- _Data shown_
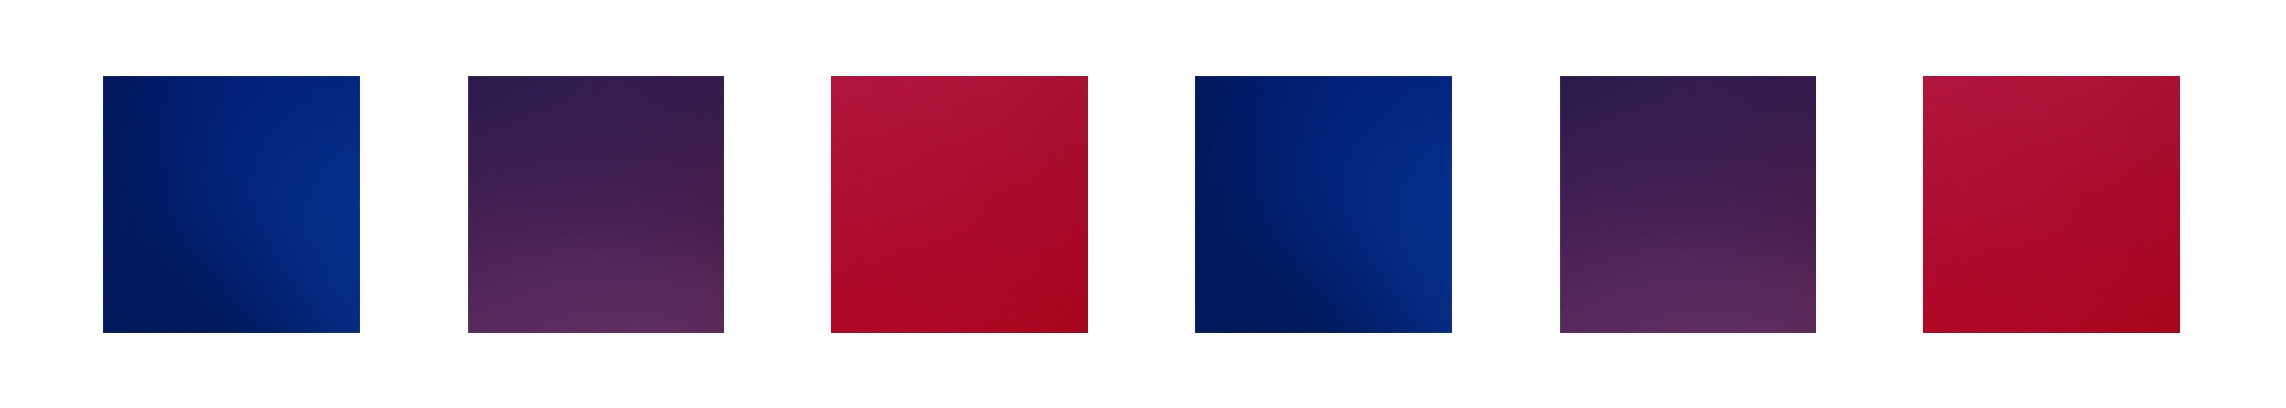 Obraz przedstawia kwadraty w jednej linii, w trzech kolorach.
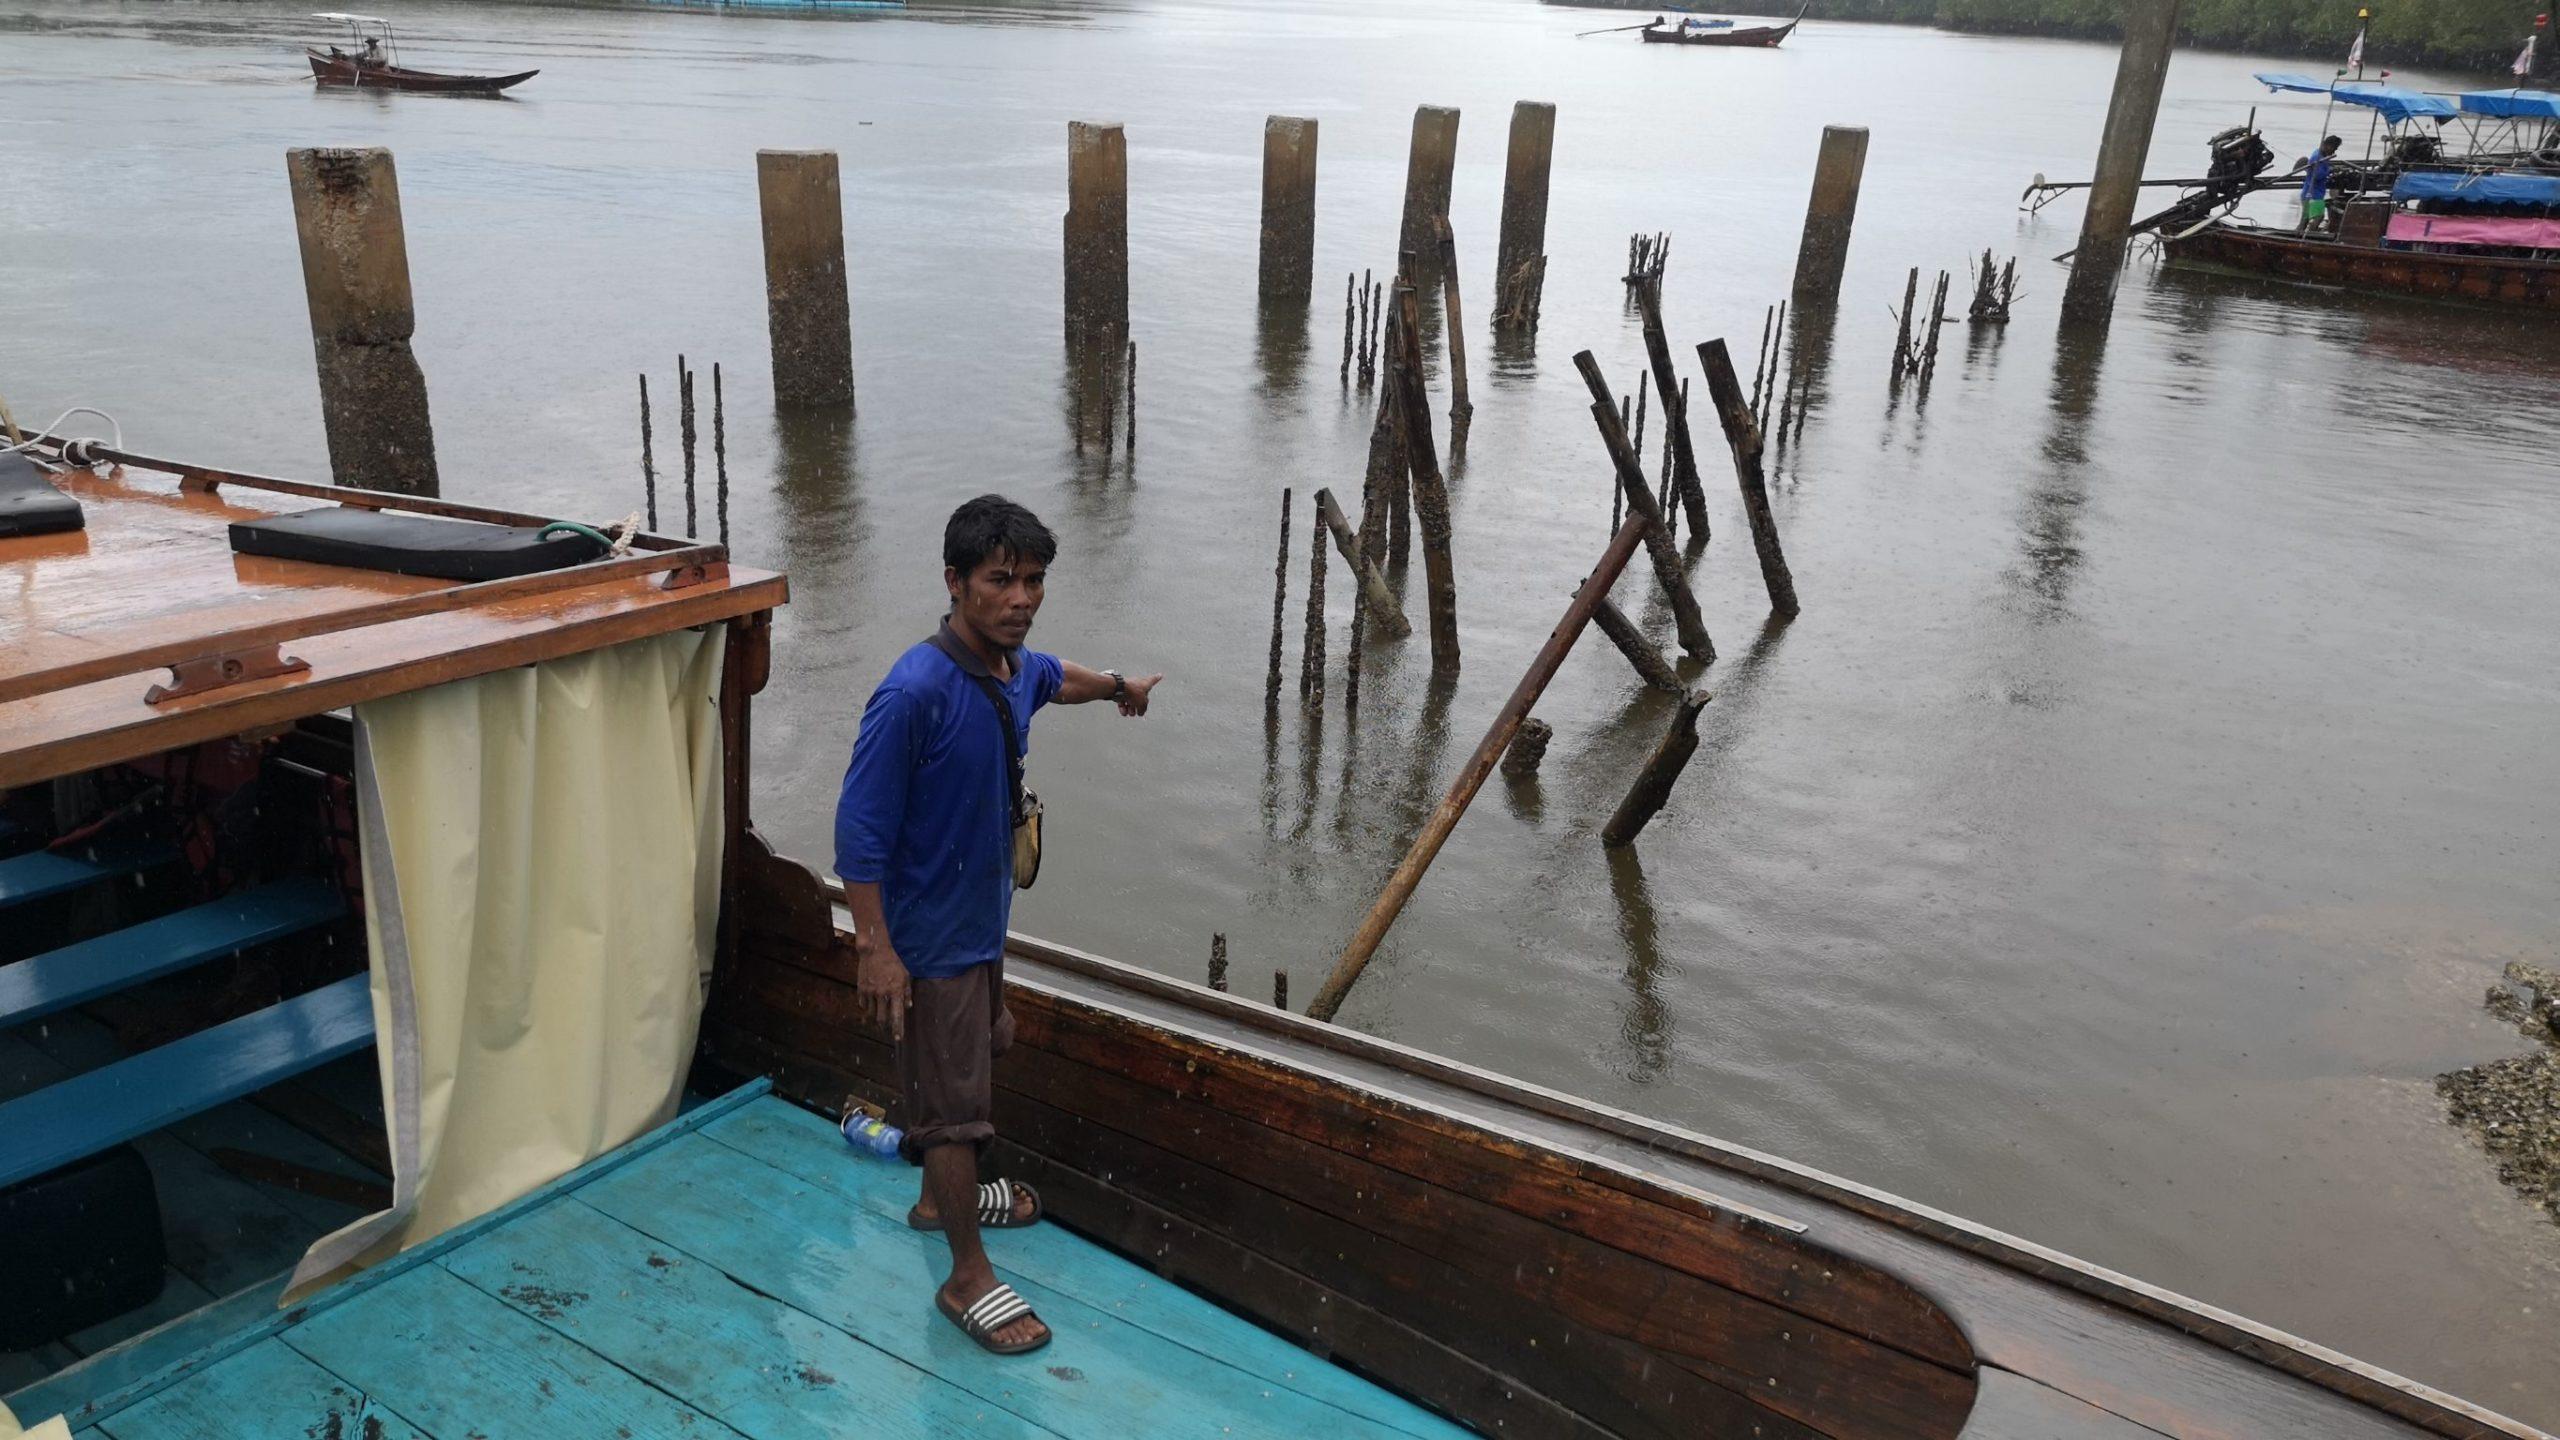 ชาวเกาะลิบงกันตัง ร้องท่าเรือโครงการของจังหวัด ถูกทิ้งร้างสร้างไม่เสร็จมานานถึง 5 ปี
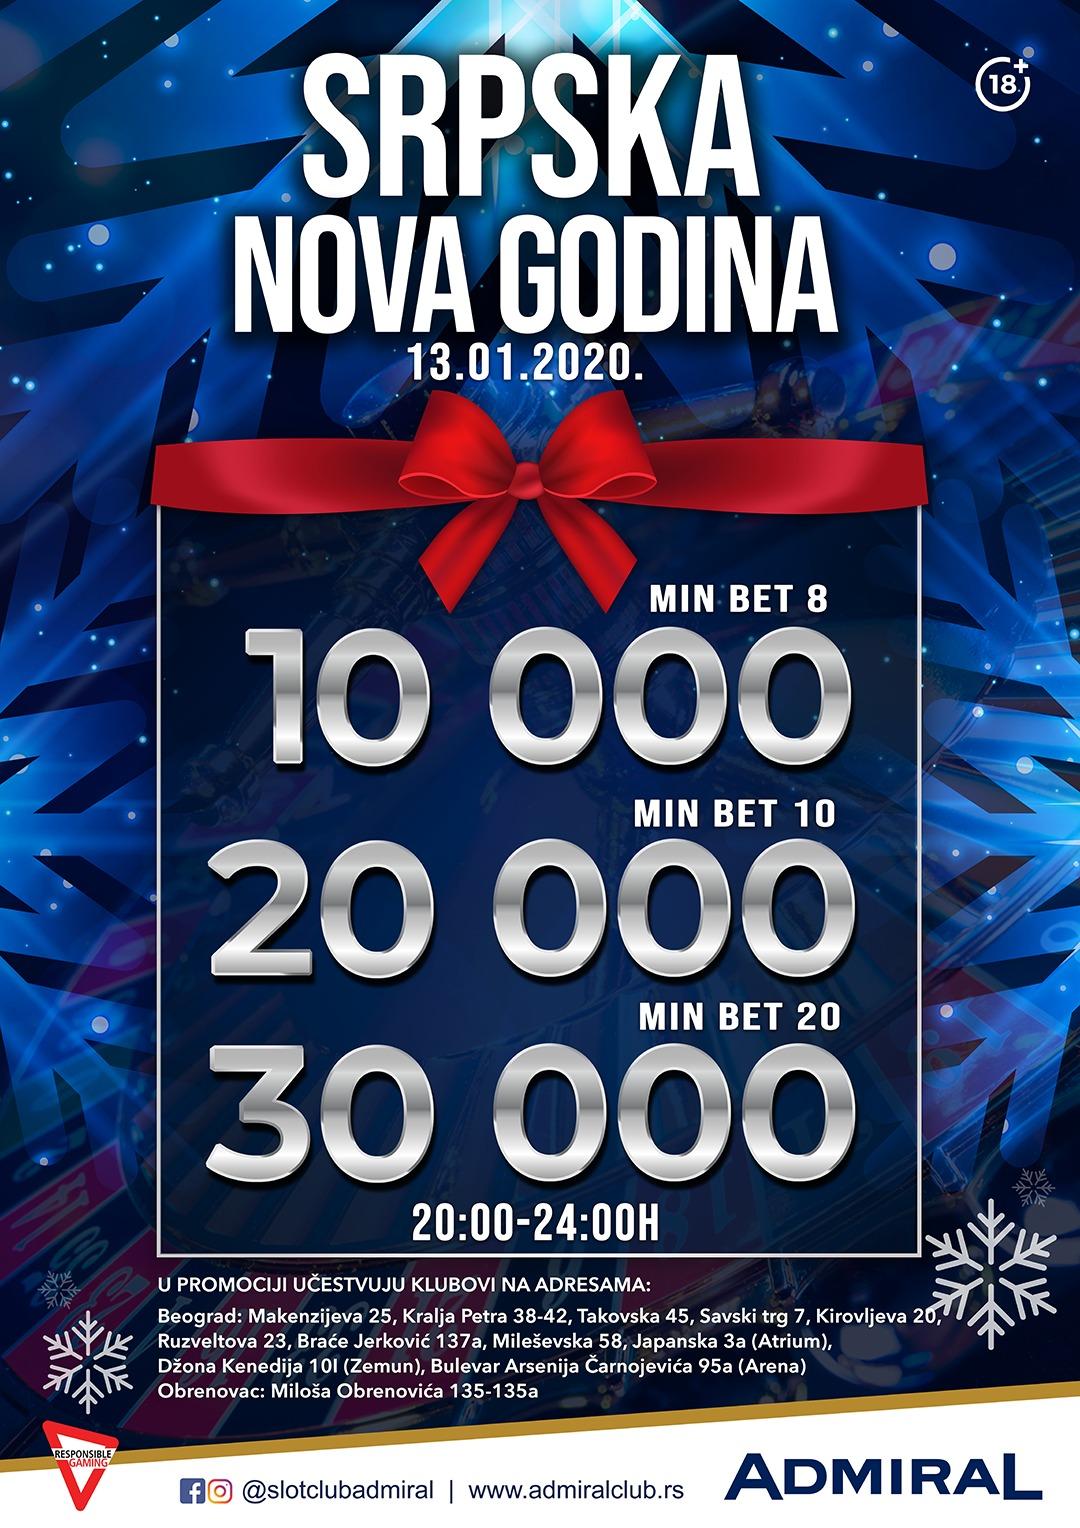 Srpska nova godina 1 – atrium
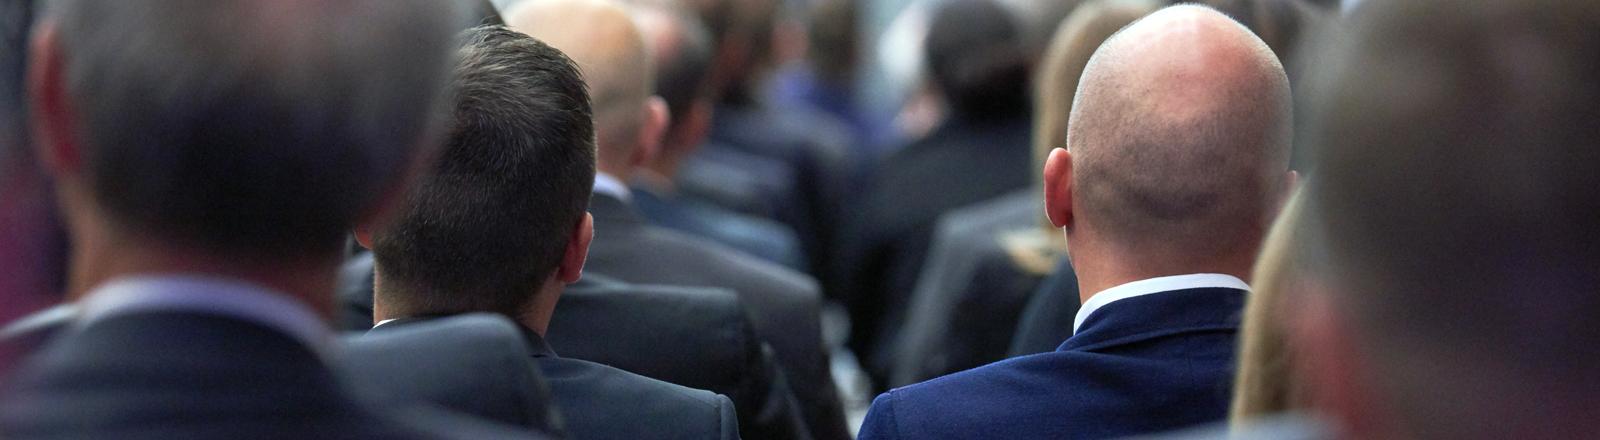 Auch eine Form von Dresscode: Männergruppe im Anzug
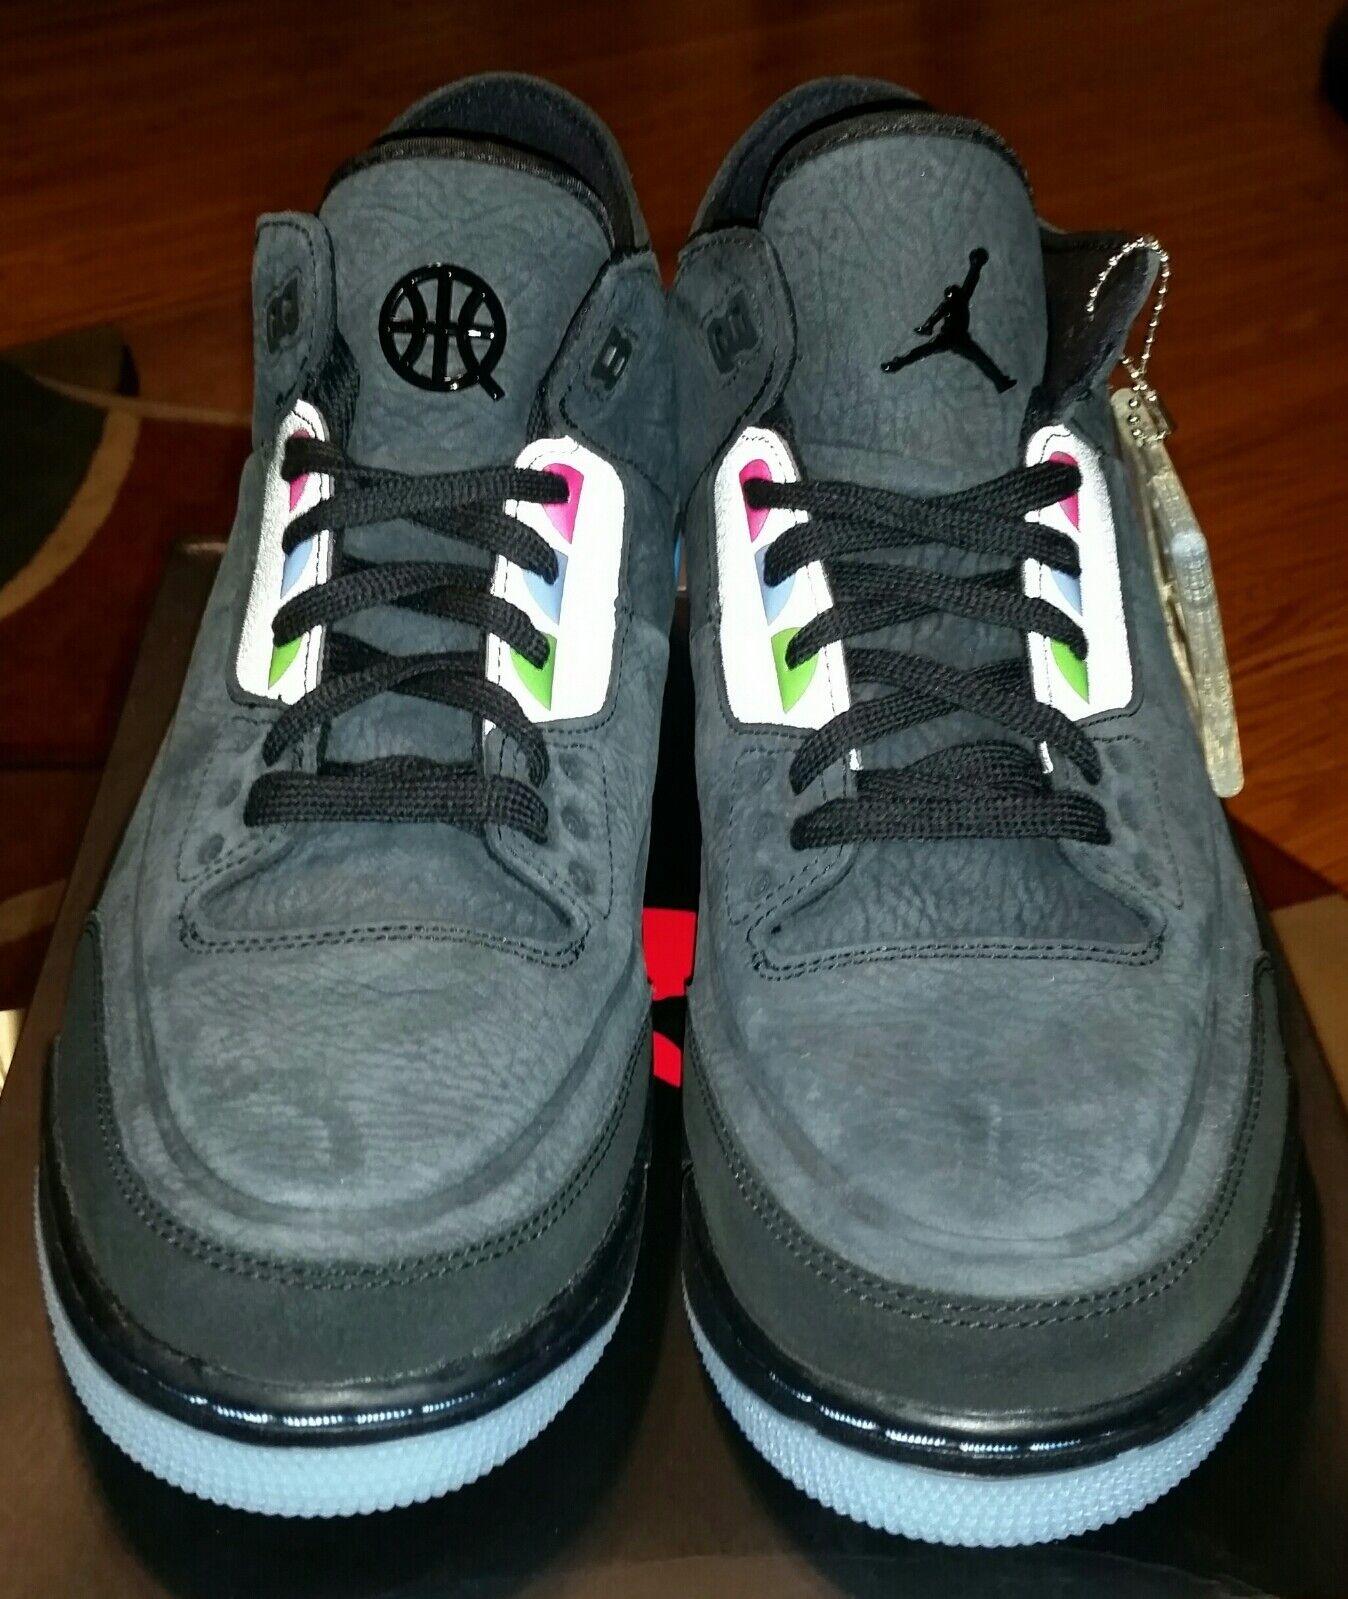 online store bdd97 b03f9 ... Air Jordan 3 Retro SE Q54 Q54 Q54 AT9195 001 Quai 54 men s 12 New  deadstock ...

- _Required action_
You are asked to output the records precisely as they appear, minus any pictures.

- _Task output_
 Obraz przedstawia kwadraty w jednej linii, w trzech kolorach.
 ชาวเกาะลิบงกันตัง ร้องท่าเรือโครงการของจังหวัด ถูกทิ้งร้างสร้างไม่เสร็จมานานถึง 5 ปี
 Srpska nova godina 1 – atrium
 Auch eine Form von Dresscode: Männergruppe im Anzug
 online store bdd97 b03f9 ... Air Jordan 3 Retro SE Q54 Q54 Q54 AT9195 001 Quai 54 men s 12 New  deadstock ...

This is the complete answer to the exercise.